** Collected material **
§

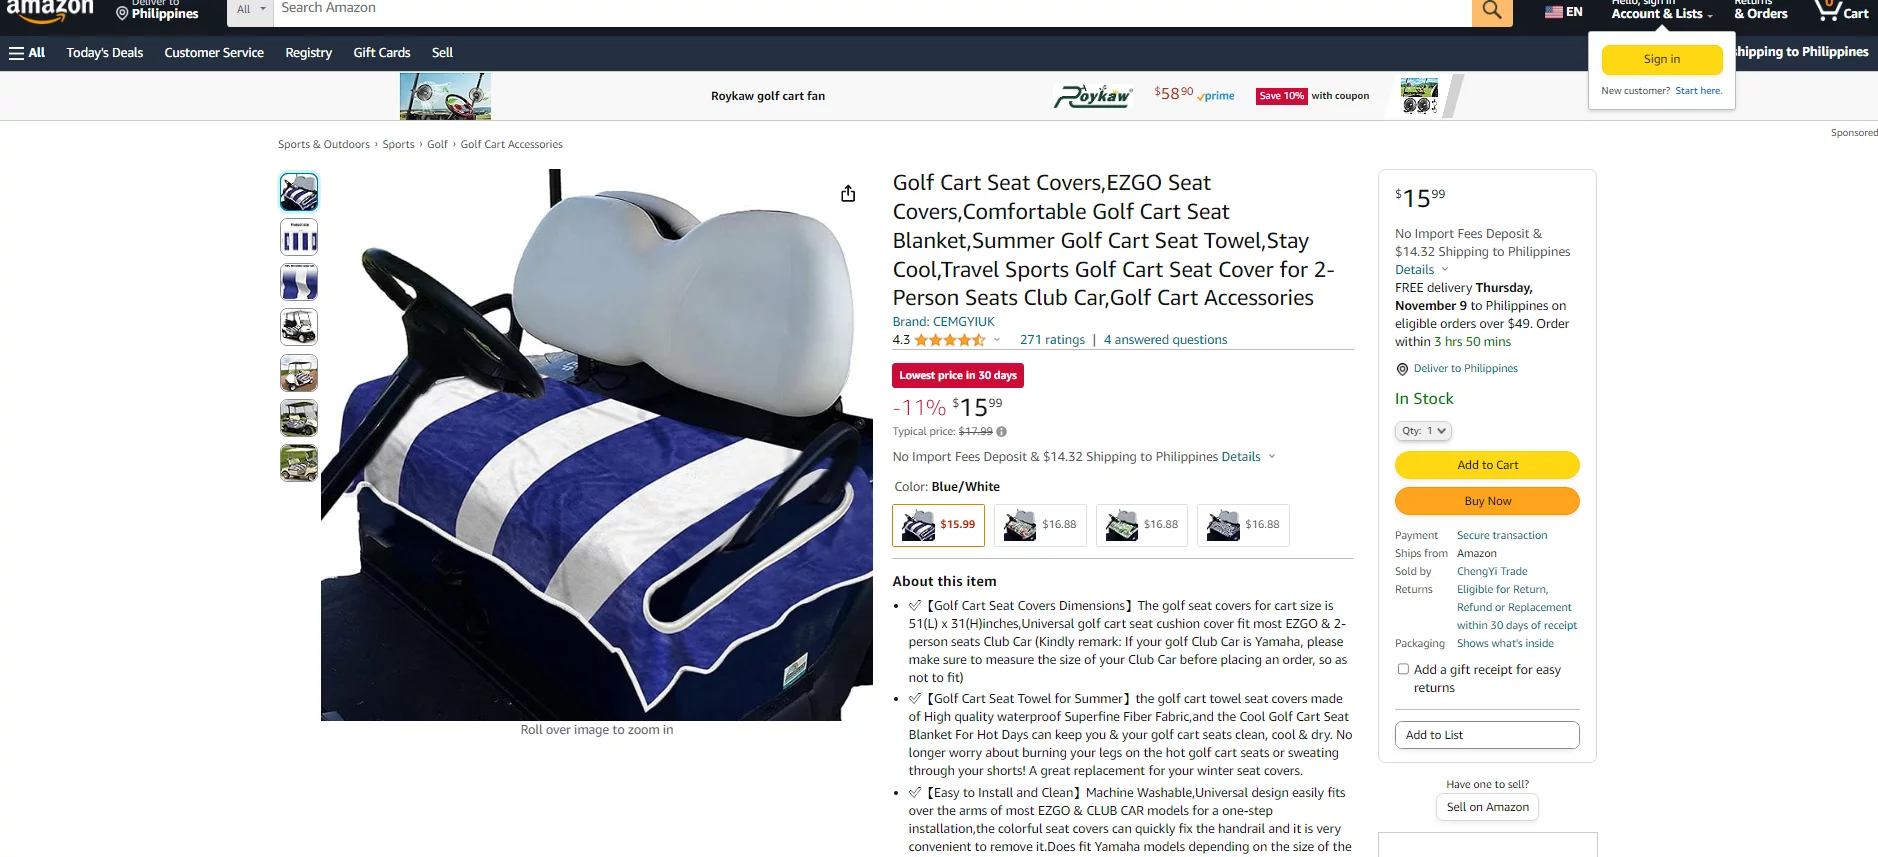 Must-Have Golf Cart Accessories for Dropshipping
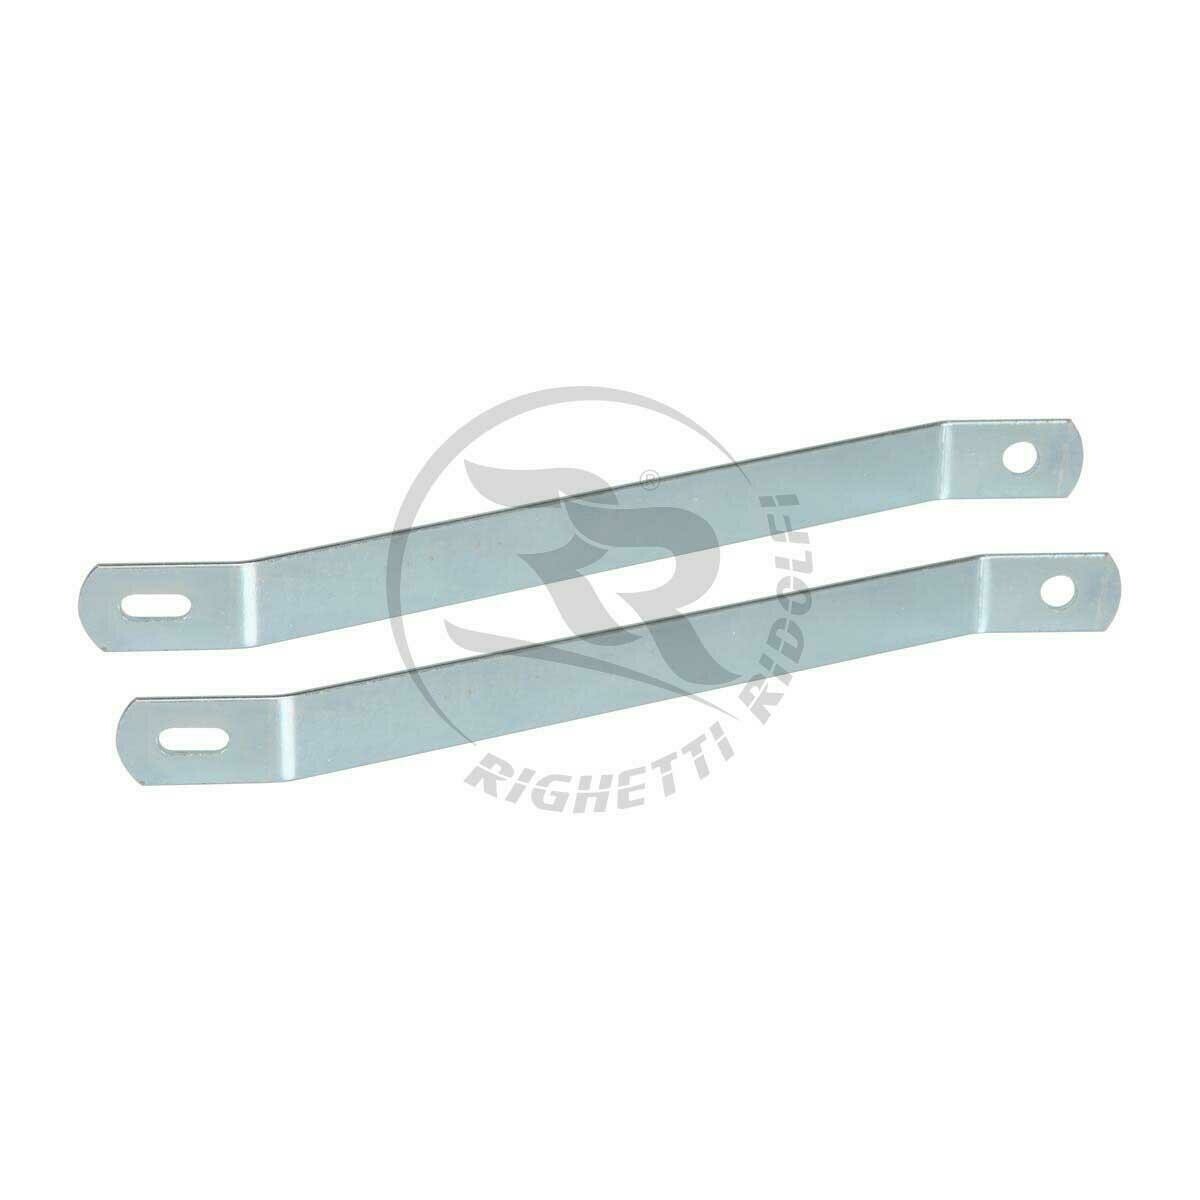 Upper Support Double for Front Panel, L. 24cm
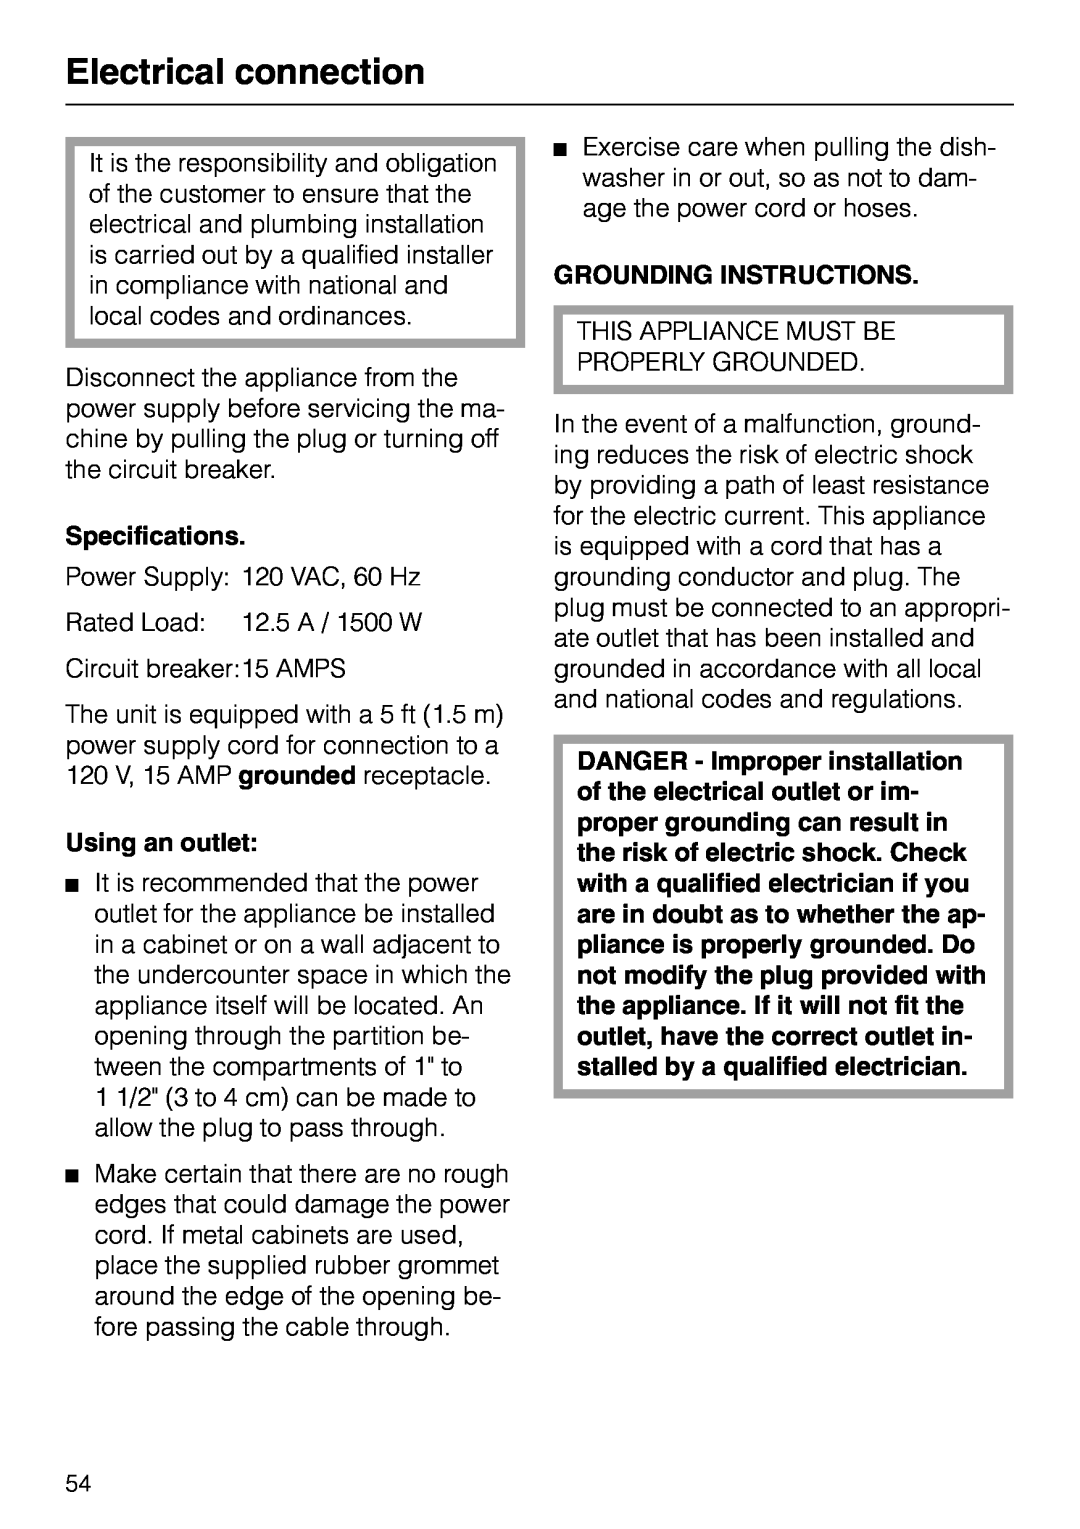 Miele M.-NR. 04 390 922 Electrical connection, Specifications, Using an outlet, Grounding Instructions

§

** What the task requires **
The response has to be an exact copy of all the data, pictures excluded.

** The answer **
 Must-Have Golf Cart Accessories for Dropshipping
 Upper Support Double for Front Panel, L. 24cm
 Miele M.-NR. 04 390 922 Electrical connection, Specifications, Using an outlet, Grounding Instructions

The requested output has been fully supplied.